Inwieweit aula tatsächlich Fähigkeiten und Nutzungskompetenzen von digitalen Medien fördert, konnte im Rahmen der Evaluation, in der hauptsächlich Selbstauskünfte erhoben wurden, nicht gemessen werden. Da die Integration von aula im Rahmen der Einführungsworkshops konkretes, für die Schüler*innen oft neues Wissen vermittelt (Passwortsicherheit, Bildlizenzen etc.), die stetige Nutzung digitaler Medien fördert sowie einen Rahmen für deren Reflexion liefert, vermuten wir, dass aula dennoch einen Effekt auf Kompetenzen der Schüler*innen hinsichtlich des Umgangs mit digitalen Medien haben könnte. Hier wäre es ratsam, in Zukunft das Wissen und die Fähigkeiten der Schüler*innen mit anderen Instrumenten zu testen.
III. Herausforderungen
Die am häufigsten berichtete Herausforderung von Schüler*innen und Lehrer*innen waren vergessene Passwörter, dem mit einer im Sommer 2018 neu programmierten App Abhilfe geschaffen wird. Lehrer*innen nannten am zweithäufigsten eine unzureichende IT-Ausstattung der Schule (Verfügbarkeit zuverlässiger Endgeräte, stabiles Internet, etc.) als Hindernisse für die Nutzung von aula.
Eine weitere häufig genannte Herausforderung bestand in teilweise mangelnder Nutzung der Plattform. Als Gründe seitens der Schüler*innen wurde hierfür ein Mangel an Entscheidungsspiel- räumen angegeben, mangelnde Motivation und Begleitung durch Lehrer*innen, alternative demokratische Beteiligungsmöglichkeiten und fehlende Motivation der ältesten Schüler*innen, die die Schule im selben Jahr verlassen würden.
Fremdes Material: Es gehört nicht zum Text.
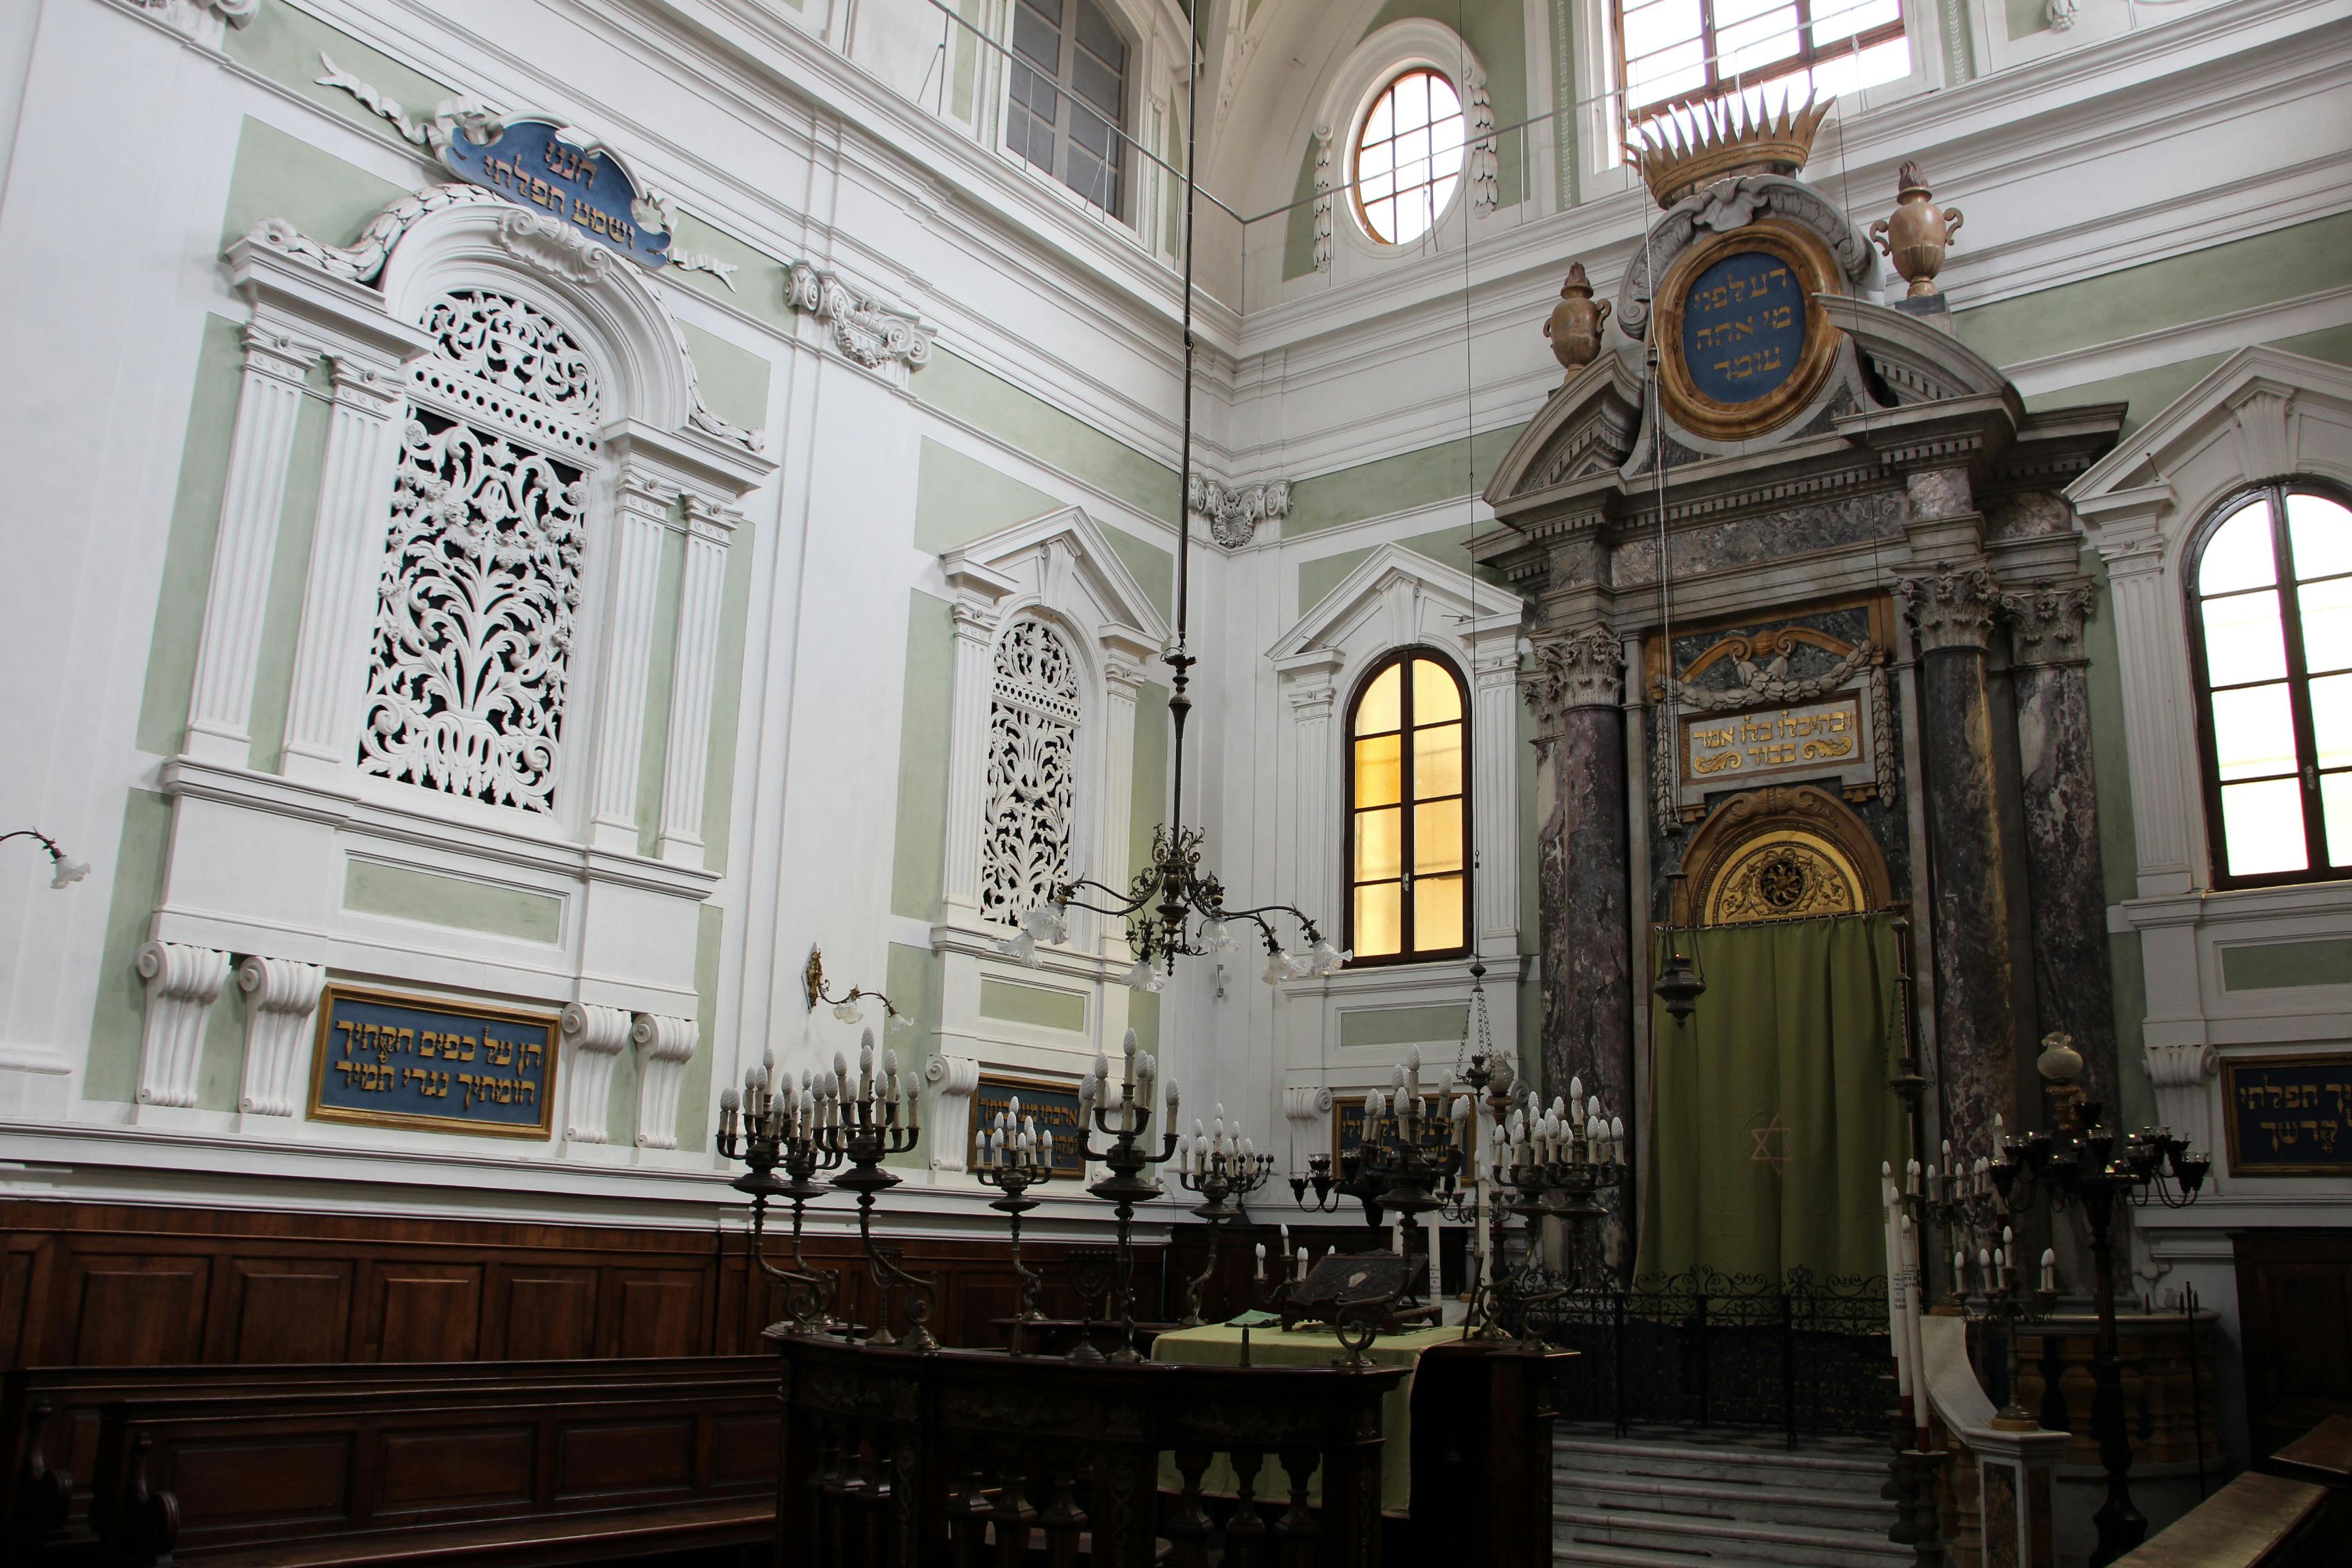 Tickets to the Synagogue of Siena

Aus welchen Gründen Lehrer*innen sich dafür oder dagegen entschieden haben, die Plattform zu nutzen, wurde in dieser Evaluation nicht erhoben und sollte Gegenstand weiterer Untersuchungen sein.
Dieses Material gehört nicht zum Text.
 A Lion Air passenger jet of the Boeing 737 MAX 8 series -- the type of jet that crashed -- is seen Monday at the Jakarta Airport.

IV. Wünsche für die Zukunft
63% der Befragten wollen aula uneingeschränkt weiter nutzen. 13 % gaben an, dass sie aula unter bestimmten Bedingungen weiter nutzen möchten. Der am häufigsten formulierte Wunsch nach Änderungen war der nach einer App, die Benachrichtigungen senden kann und die größte Herausforderung der vergessenen/verlorenen Passwörter löst.
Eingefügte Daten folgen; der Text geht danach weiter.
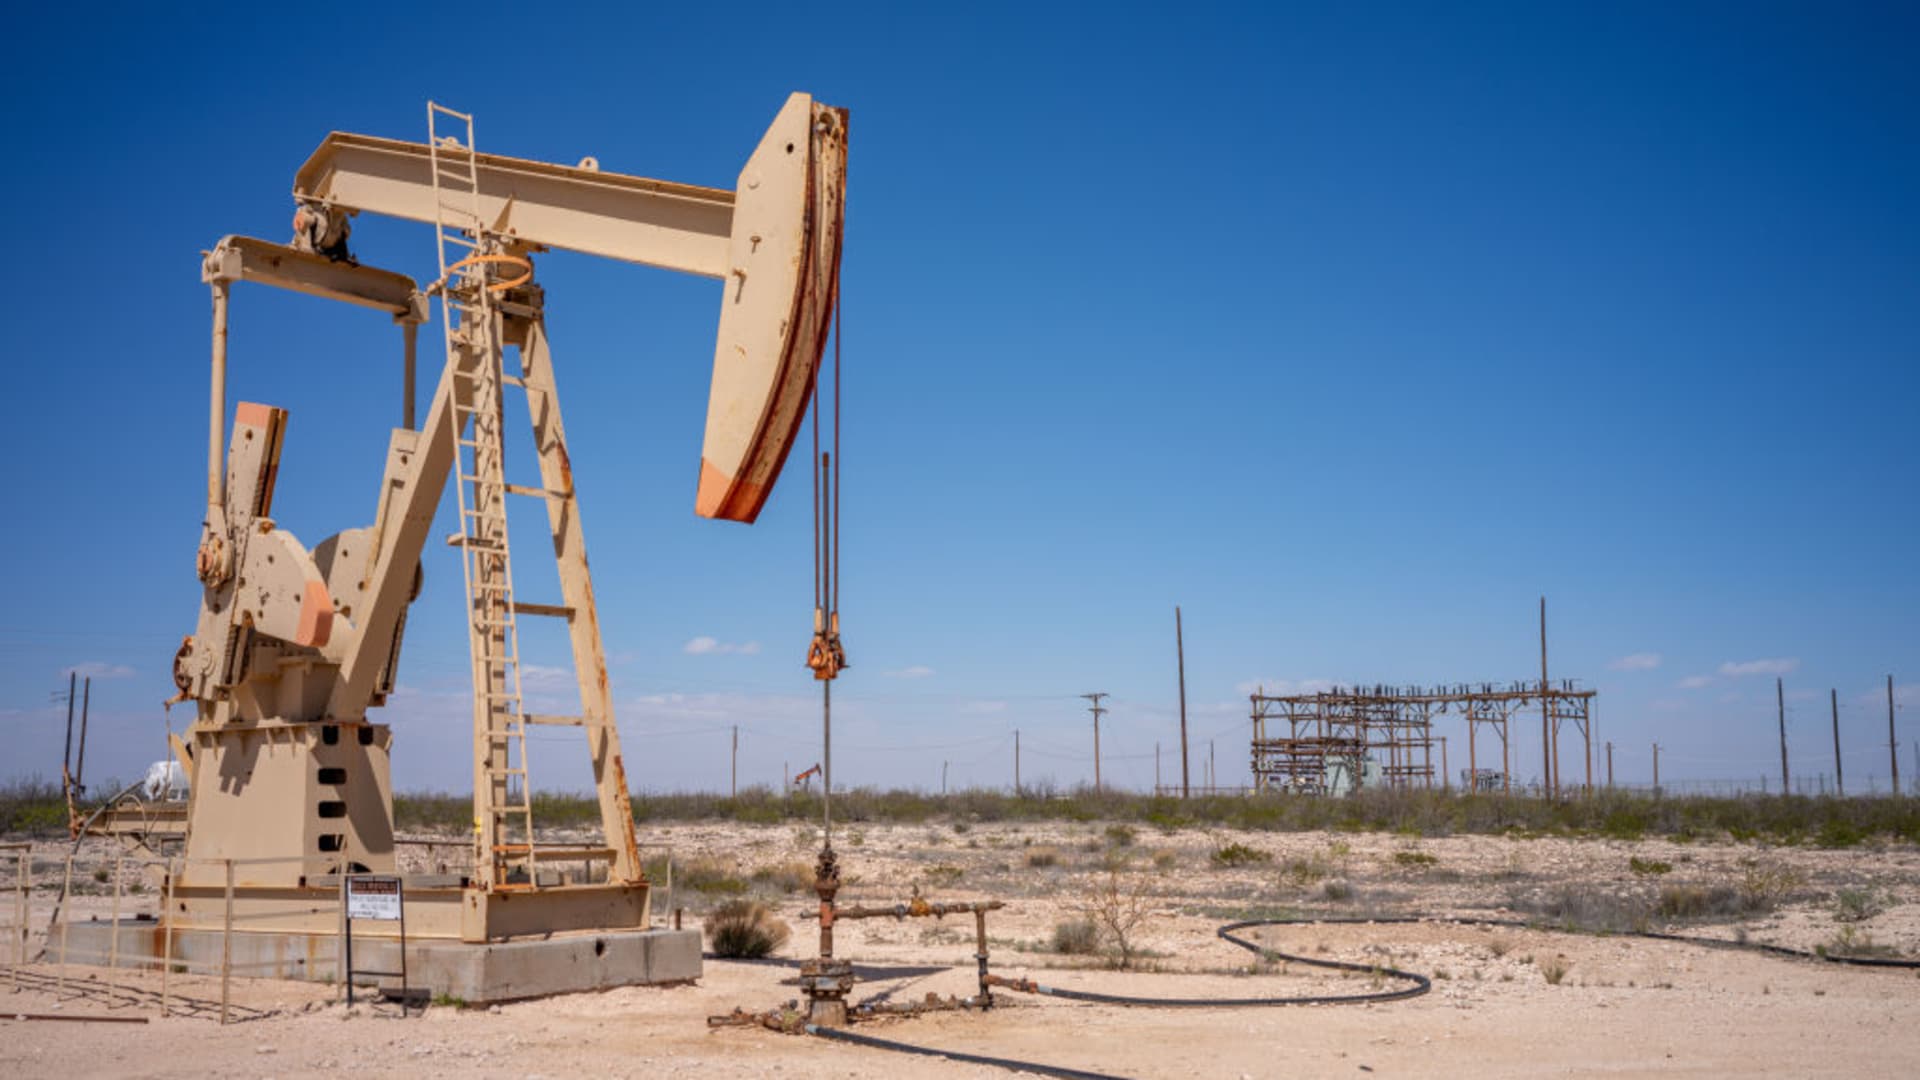 Morgan Stanley upgrades the energy sector, citing ‘compelling valuation’

Von Schüler*innen und Lehrer*innen wurde außerdem der Wunsch nach mehr Gelegenheit zu didaktischer Begleitung an der Schule formuliert. Damit ist beispielsweise mehr Zeit für die Arbeit mit aula an der Schule gemeint, mehr Freistellungsstunden für Lehrer*innen oder geeignete Freiräume im Unterrichtsplan. Schüler*innen wünschten sich außerdem mehr Unterstützung in Form von Zeit oder Begleitung im Beteiligungsprozess durch die Lehrer*innen.
Fazit
Die Evaluation zeigt positive Ergebnisse für die Kompetenzentwicklung der Schüler*innen im Bereich Demokratie-Lernen und insbesondere der Erfahrung von Selbstwirksamkeit. Dies spricht dafür, das Beteiligungskonzept weiter zu entwickeln und an weiteren Schulen sowie anderen Institutionen oder Organisationen einzusetzen. Für einen Weiterentwicklung und Fortführung spricht auch, dass 76% der Befragten aula uneingeschränkt oder unter bestimmten Bedingungen weiter nutzen möchten.
Dabei ist es wichtig, dass Lehrer*innen die Arbeit der Schüler*innen ernst nehmen und es genügend zeitliche Ressourcen dafür gibt, den Prozess didaktisch zu begleiten und reflektieren. Um die Bedingungen der Einführung von aula sowie die didaktische Begleitung zu optimieren, soll an den Schulen in Zukunft zunächst eine Bestandsanalyse durchgeführt werden, um die Ressourcen und Bedarfe demokratischer Beteiligung zu ermitteln. Außerdem wird der am häufigsten berichteten Herausforderung der “vergessenen Passwörter” mit einer neu entwickelt App begegnet, die ab Herbst 2018 kostenfrei zur Verfügung stehen wird.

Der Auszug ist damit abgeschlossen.